It brought tragic news: Just hours earlier, on a desolate stretch of highway in northern Minnesota, Daly's granddaughter, Ashley, had slashed her wrist with a piece of glass and thrown herself in front of a speeding car.
It was the seventh suicide attempt since Ashley, who has bipolar disorder and a cognitive impairment, was sent to live in a group home three hours away, on the wooded outskirts of Hermantown, Minn.
"Ashley feels lost and abandoned," said Daly, who settled on the facility only after several others closer to the Twin Cities turned them down. "She has no place to call home in this world and this is her way of crying out for help."
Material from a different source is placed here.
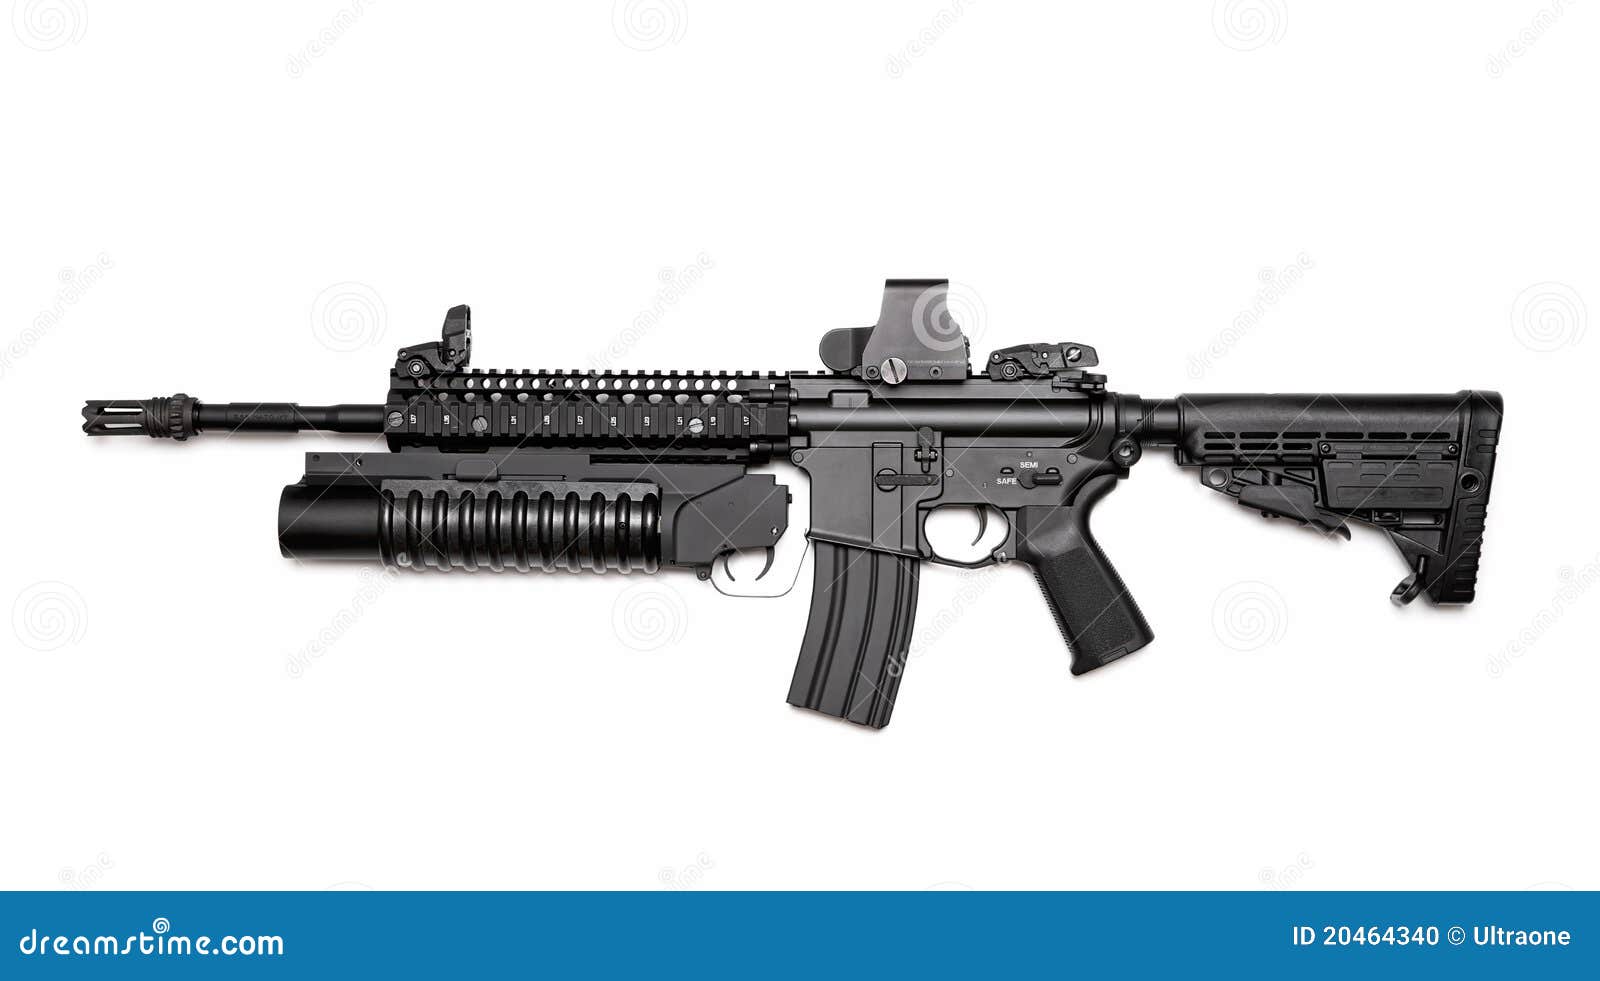 m4a1 assault rifle with grenade launcher

Each year, hundreds of Minnesotans with developmental disabilities and mental illnesses are uprooted from their families and sent to live in secluded group homes in remote parts of the state. Cut off from the communities they know, housed with strangers, they often fall deeper into anger and despair. Many, like Ashley, see violence and self-injury as their only means of escape.
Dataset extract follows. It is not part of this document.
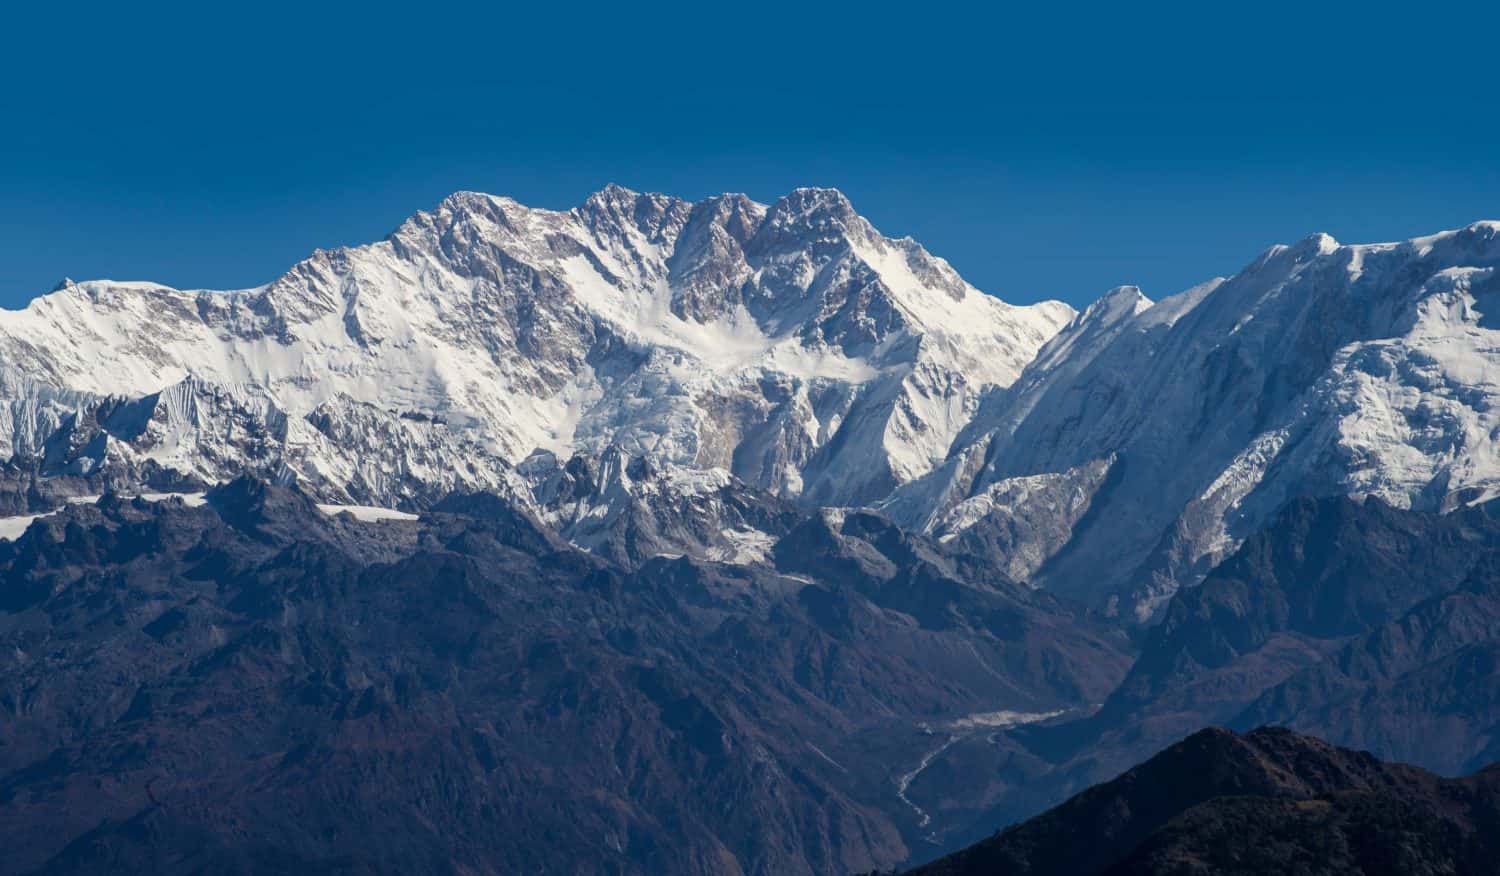 Kangchenjunga, also spelled Kanchenjunga, is the third highest mountain in the world, Nepal

Minnesota's far-flung network of group homes is another sign of how it has fallen behind other states in the movement to integrate people with disabilities into mainstream life. Though designed as safe havens for people too vulnerable to care for themselves, group homes now leave thousands of adults isolated and vulnerable to neglect and abuse.
A Star Tribune review of hundreds of public documents has found:
• Minnesota relies more than any other state on group homes to house adults with disabilities, spending $1 billion annually for about 19,000 people in more than 4,500 facilities.
• While many group homes are safe and orderly, others are understaffed and chaotic. Each year, state regulators receive more than 700 reports of abuse, neglect, exploitation and serious injury at Minnesota group homes. In 2013, a federal judge became so alarmed at conditions facing group home residents that he appointed a special monitor to review their care.